HOW TO COMPLETE THIS TASK: Although the data below contains pictures, output only the lines between those holding "Νέο Volkswagen ID.3: Ουσιαστική" and "海底パイプライン 28/30 Acne", inclusive, exactly and without those pictures.

MATERIAL PROVIDED:

----

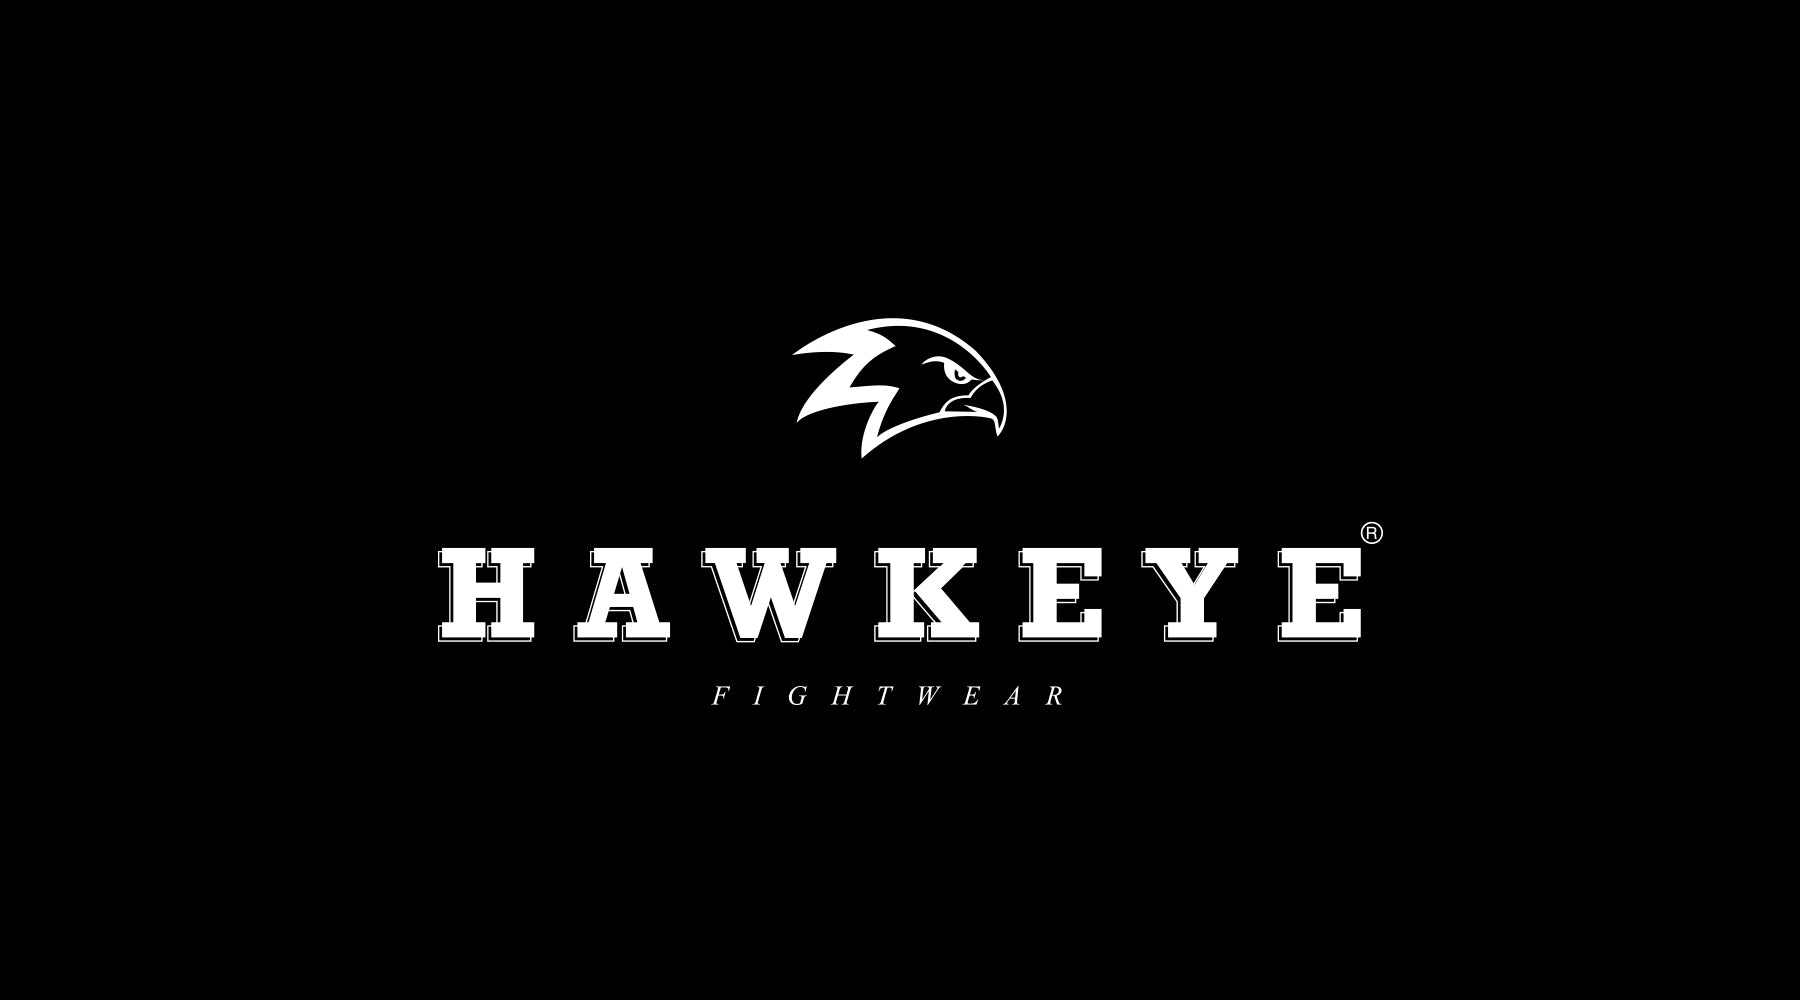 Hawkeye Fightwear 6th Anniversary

----

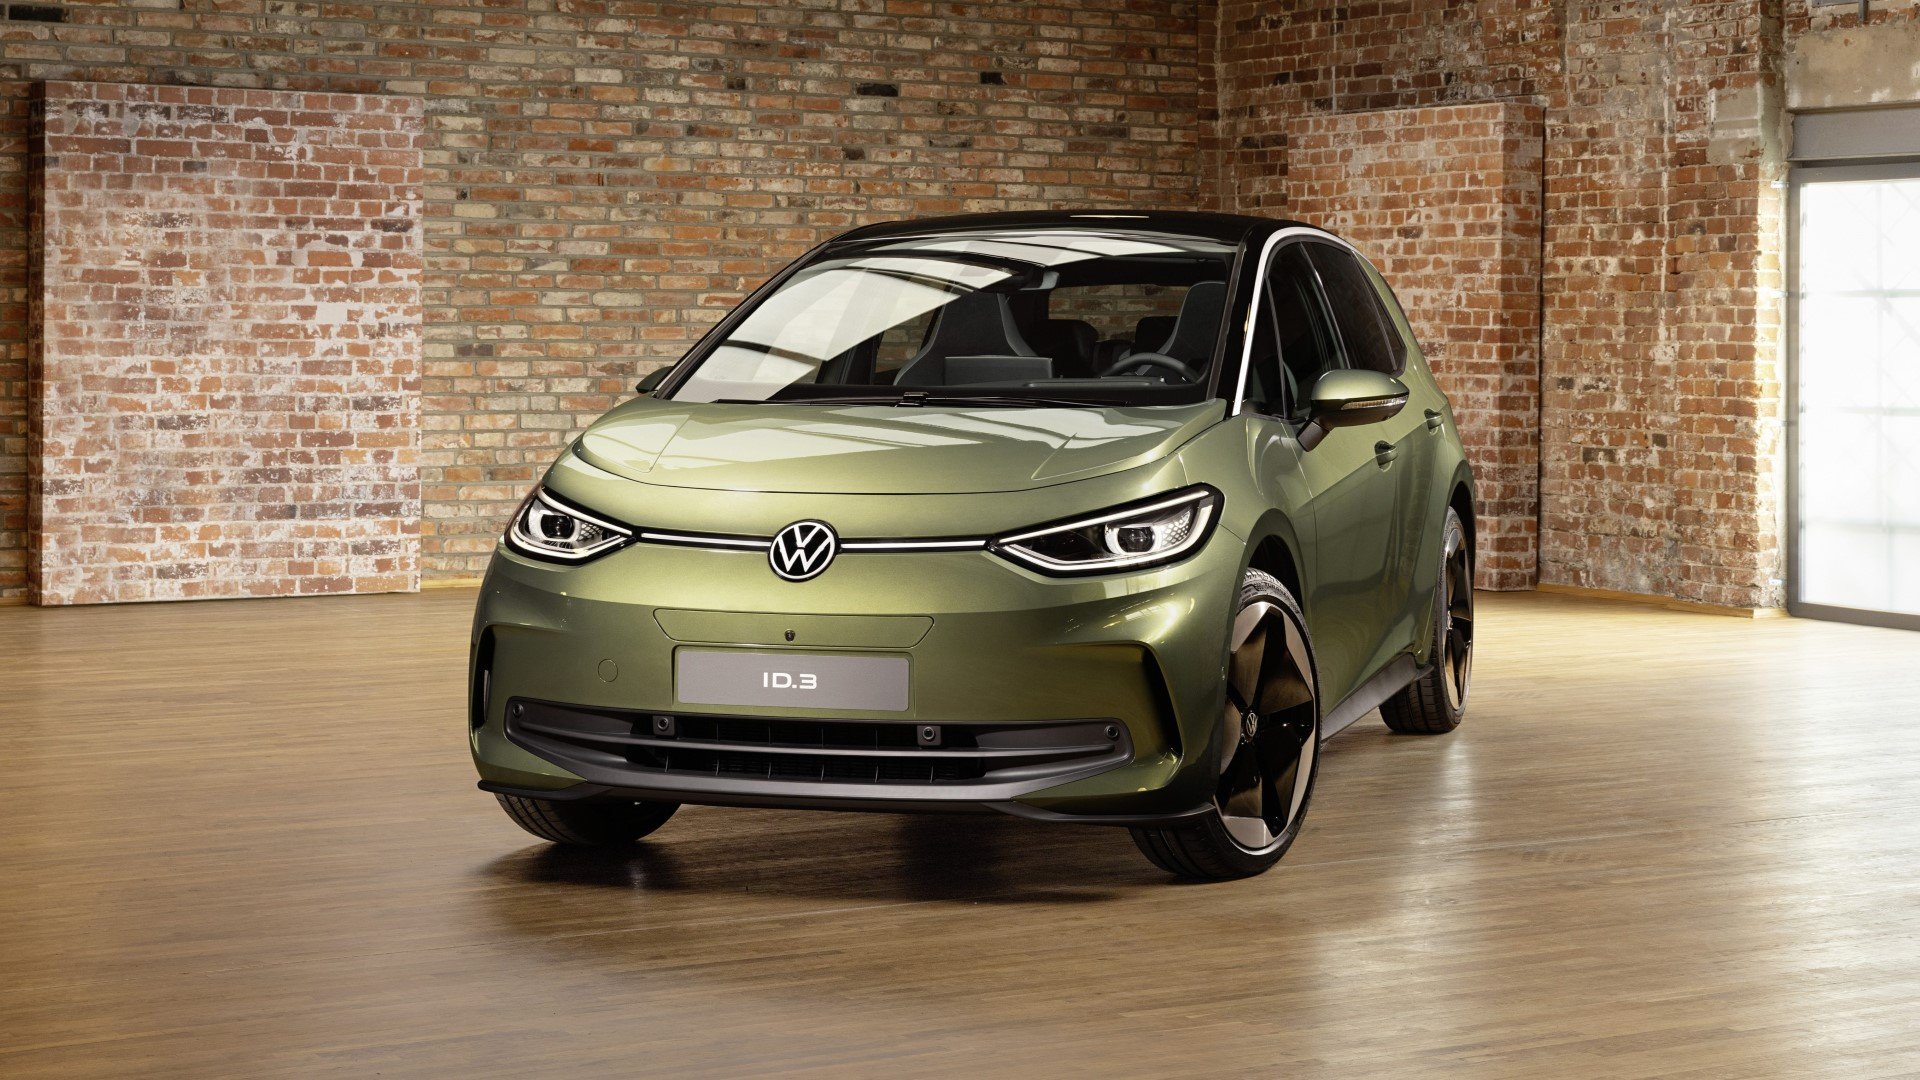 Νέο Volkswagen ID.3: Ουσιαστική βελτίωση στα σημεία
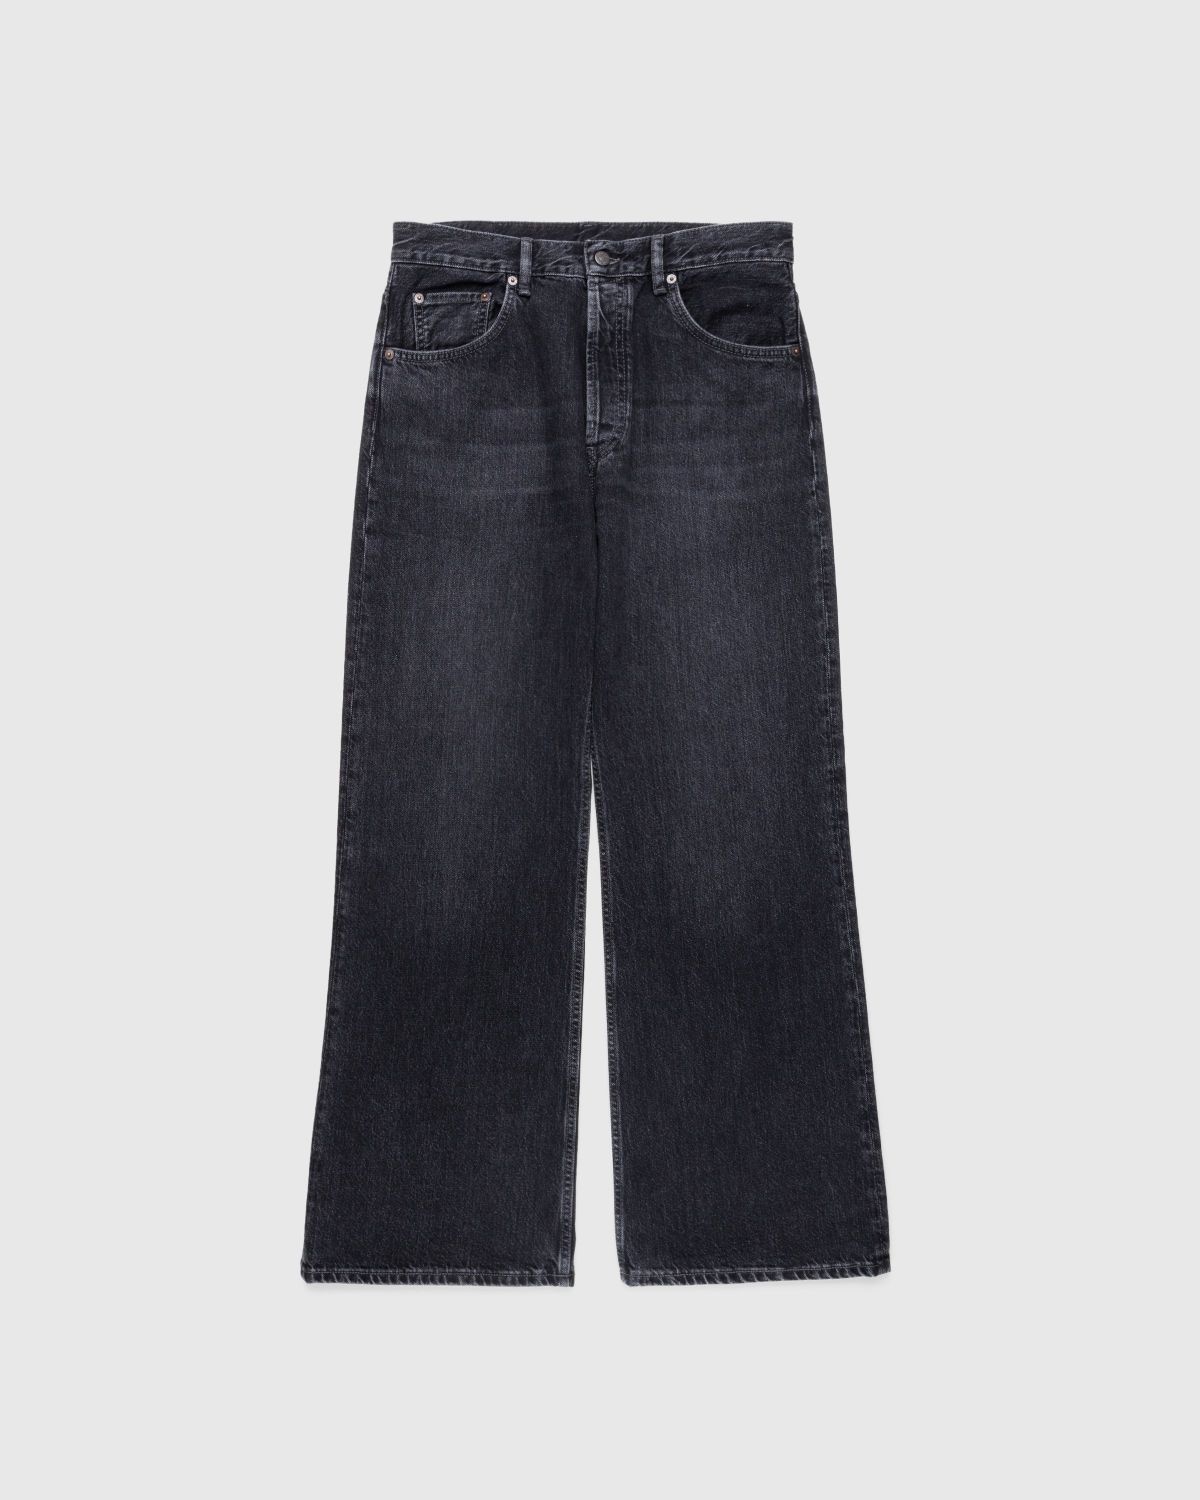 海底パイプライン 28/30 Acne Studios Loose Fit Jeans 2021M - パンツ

----

ANSWER TO THE PROBLEM:
 Νέο Volkswagen ID.3: Ουσιαστική βελτίωση στα σημεία
 海底パイプライン 28/30 Acne Studios Loose Fit Jeans 2021M - パンツ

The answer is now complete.